### EXERCISE DIRECTIONS
Copy the data that follows exactly. Include no pictures.

### DATA EXCERPT

********************

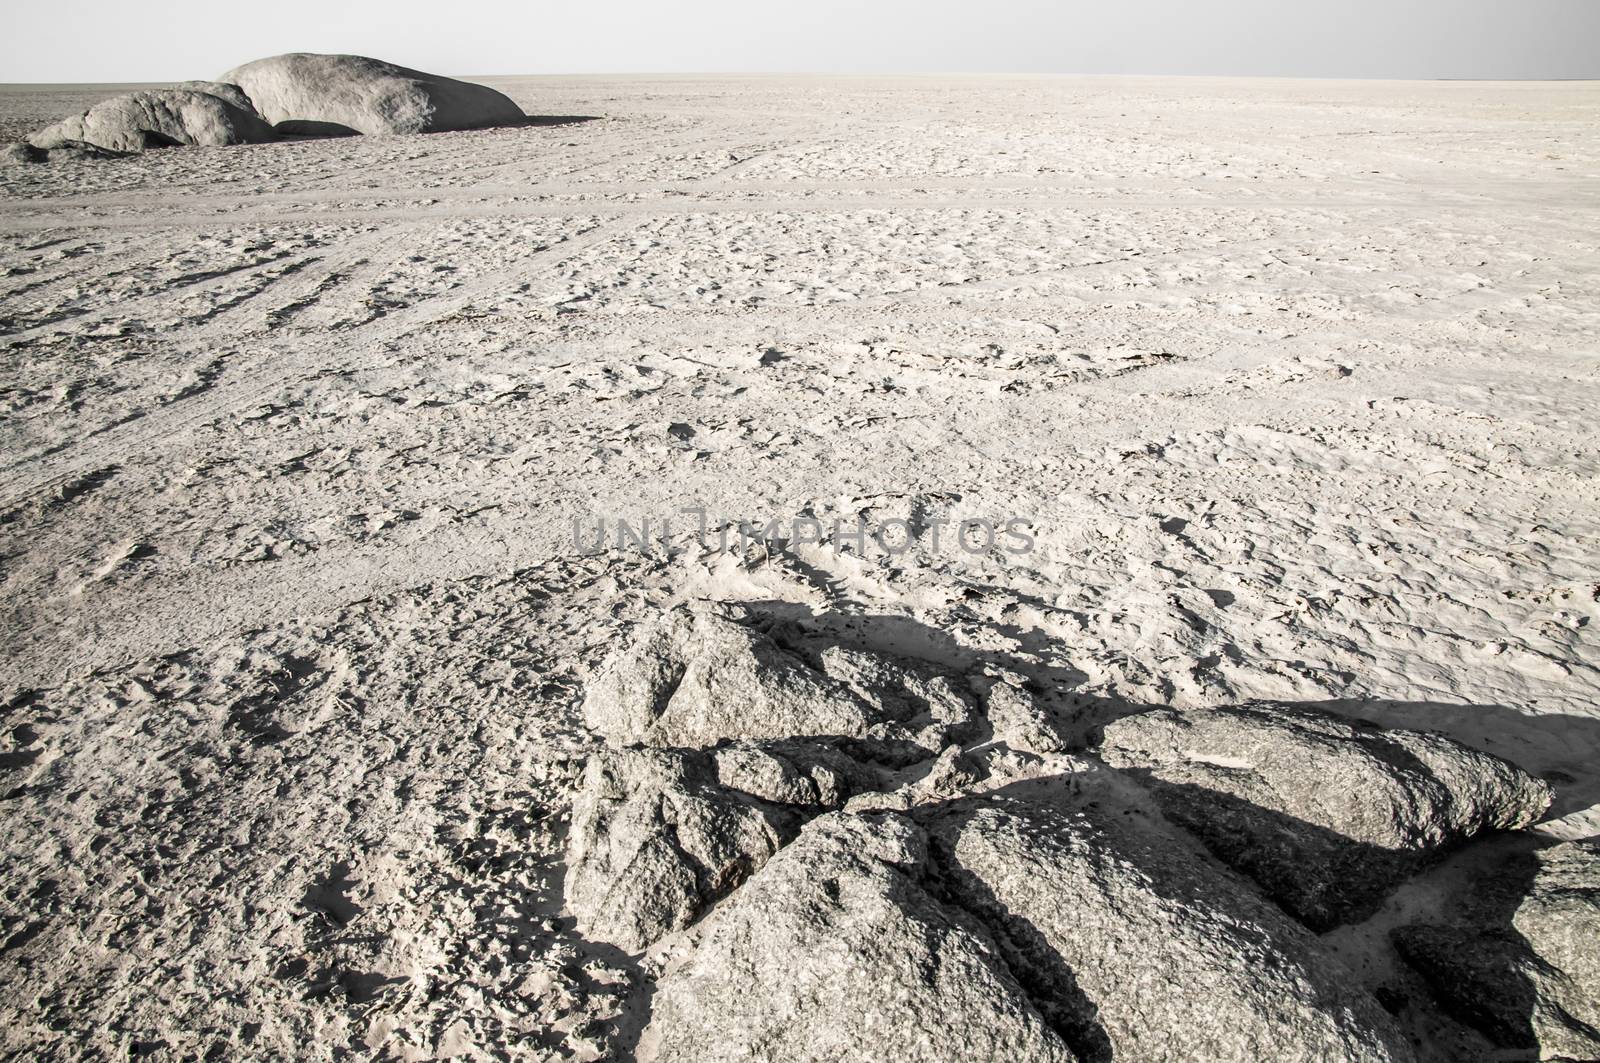 Rocks cropping out in a barren salt pan landscape in Botswana.
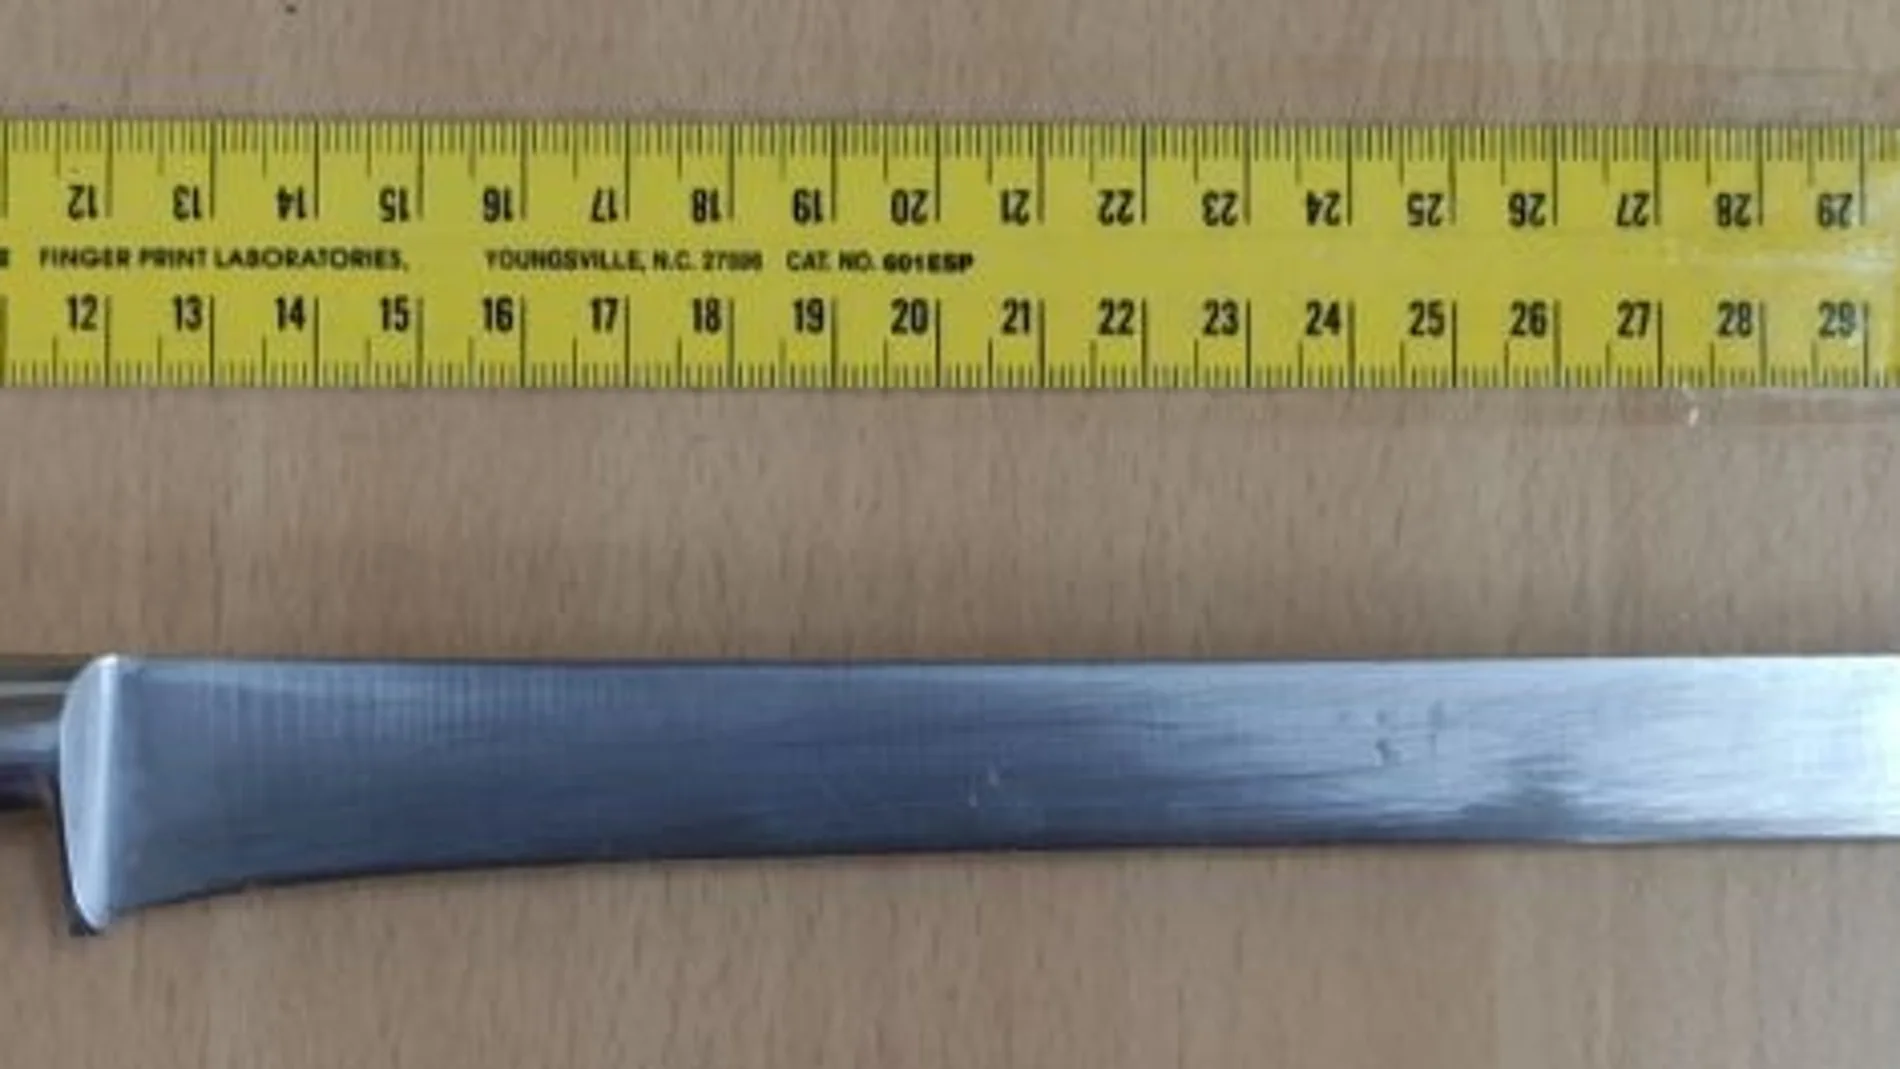 Los agentes hallaron en el registro de su casa los cuchillos utilizados en el atraco anterior
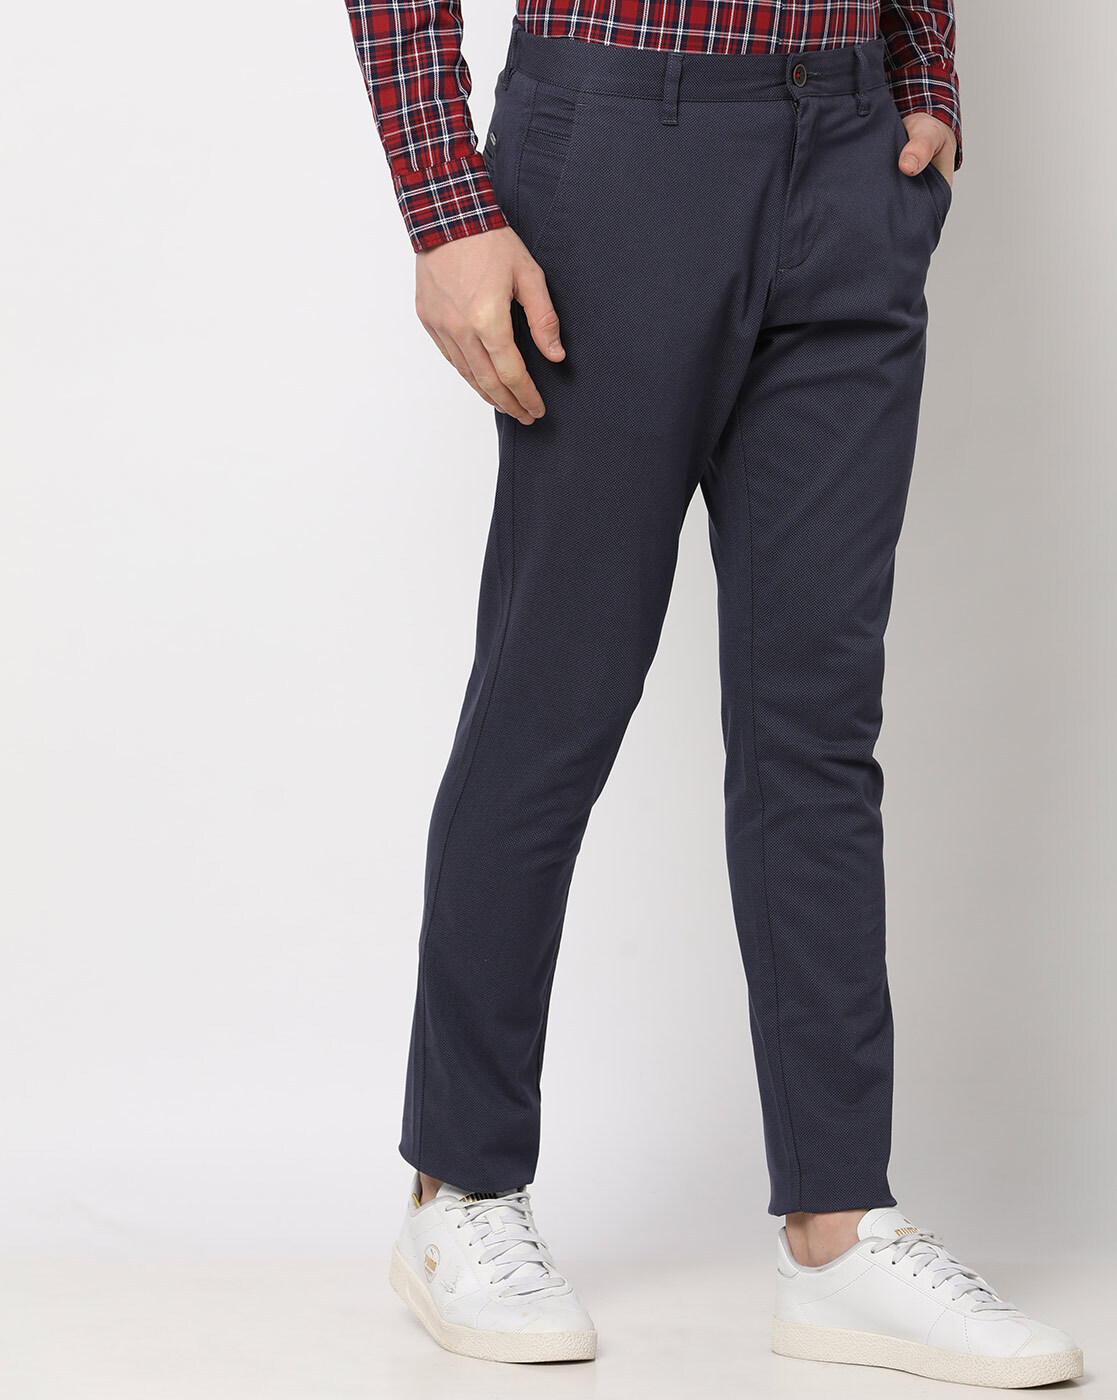 Barleycorn Tweed Trousers | Men's Country Clothing | Cordings US
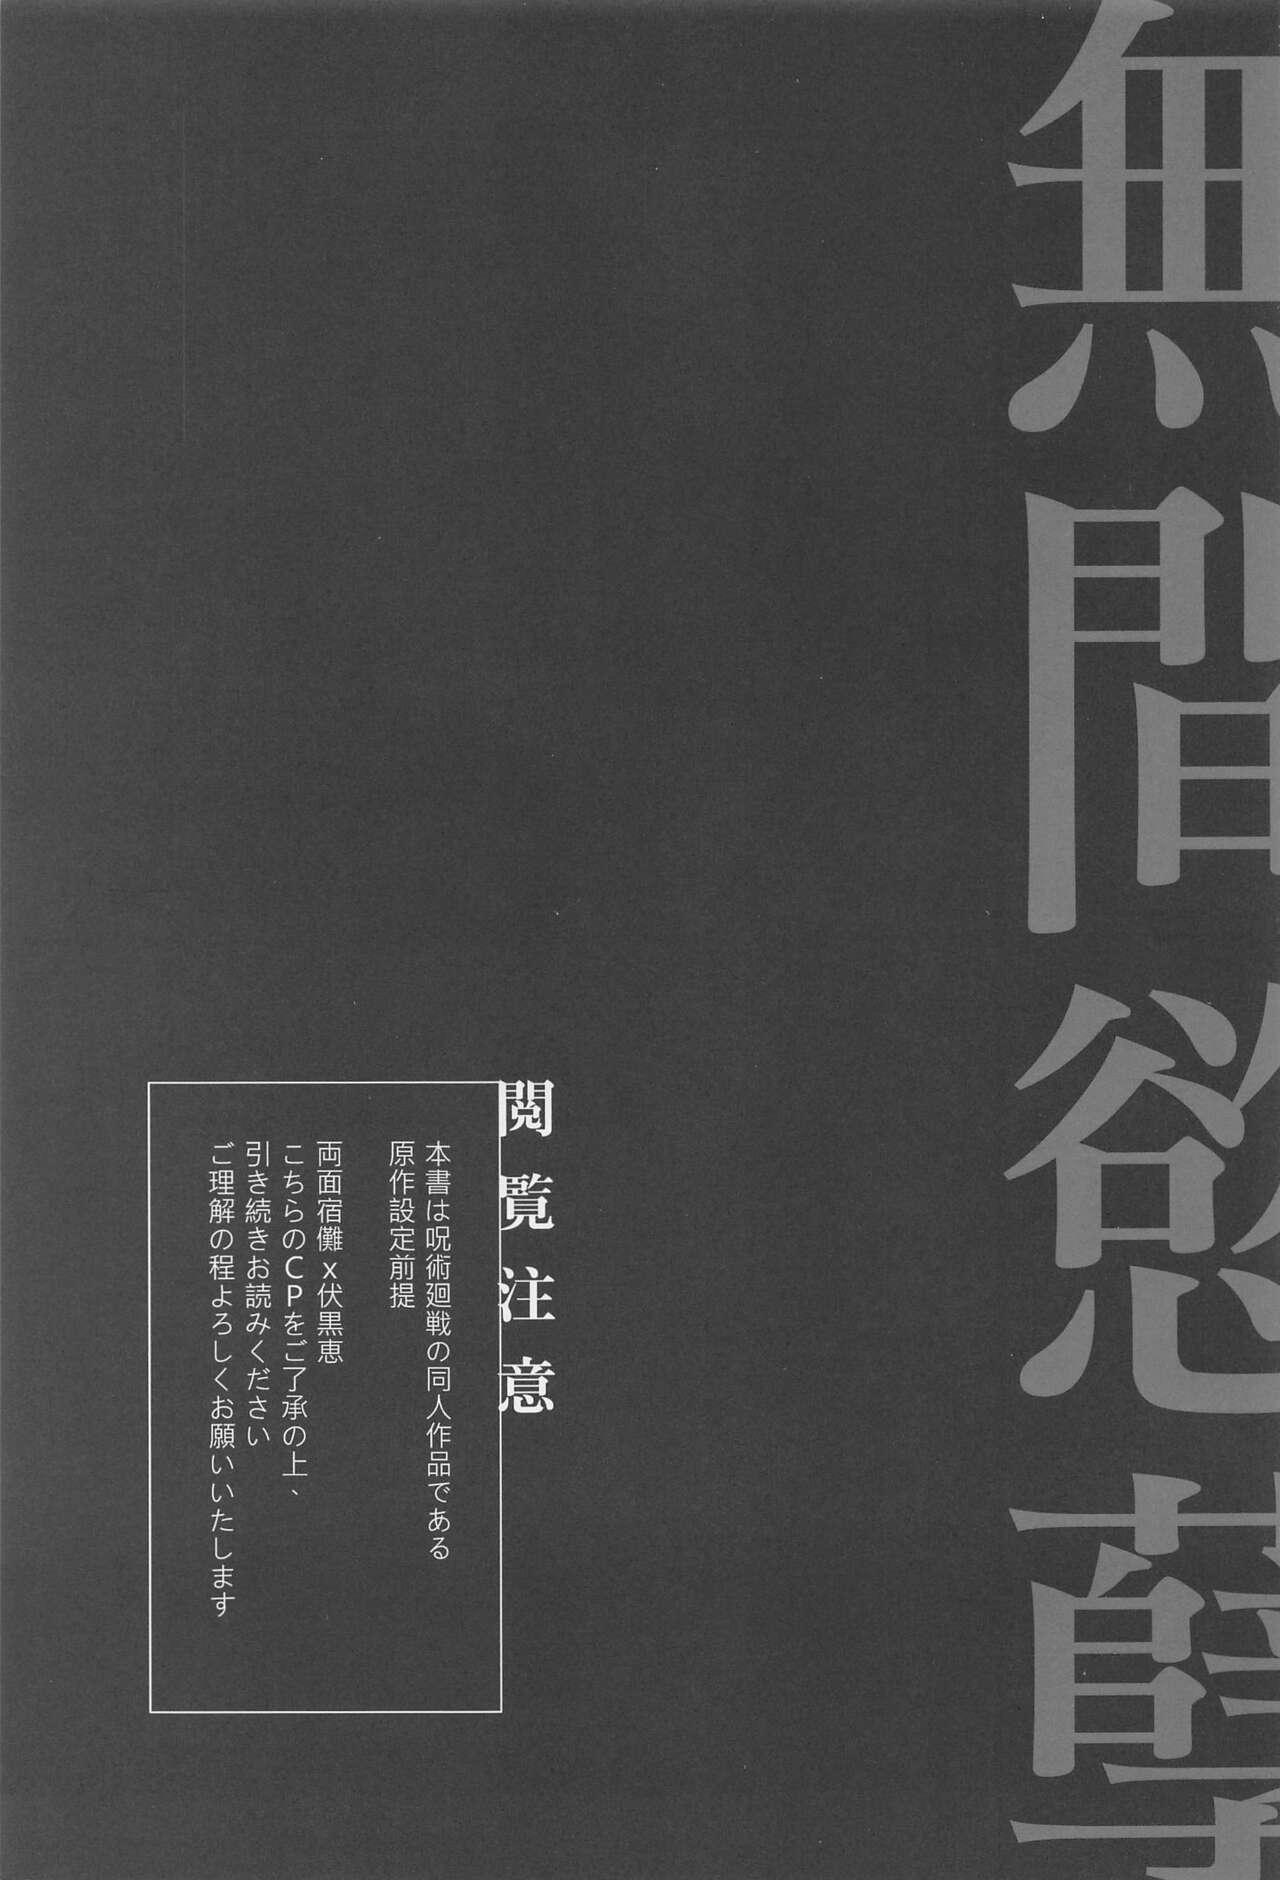 Onlyfans Mugen Yoku Hikobae - Jujutsu kaisen Bokep - Page 2

********************

### FINISHED TASK
 Rocks cropping out in a barren salt pan landscape in Botswana.
 Los agentes hallaron en el registro de su casa los cuchillos utilizados en el atraco anterior
 Barleycorn Tweed Trousers | Men's Country Clothing | Cordings US
 Onlyfans Mugen Yoku Hikobae - Jujutsu kaisen Bokep - Page 2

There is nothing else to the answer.